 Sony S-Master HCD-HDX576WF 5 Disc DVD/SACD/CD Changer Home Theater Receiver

────

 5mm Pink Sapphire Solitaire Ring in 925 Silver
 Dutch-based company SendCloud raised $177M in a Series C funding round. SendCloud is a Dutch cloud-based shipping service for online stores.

────

__WHAT YOU NEED TO DO__.
Everything above from the line containing "5mm Pink Sapphire" down to the line containing "Dutch-based company SendCloud" is to be transcribed exactly, with both of those lines included and nothing else added.

__OUTPUT FOR THIS TASK__.
 5mm Pink Sapphire Solitaire Ring in 925 Silver
 Dutch-based company SendCloud raised $177M in a Series C funding round. SendCloud is a Dutch cloud-based shipping service for online stores.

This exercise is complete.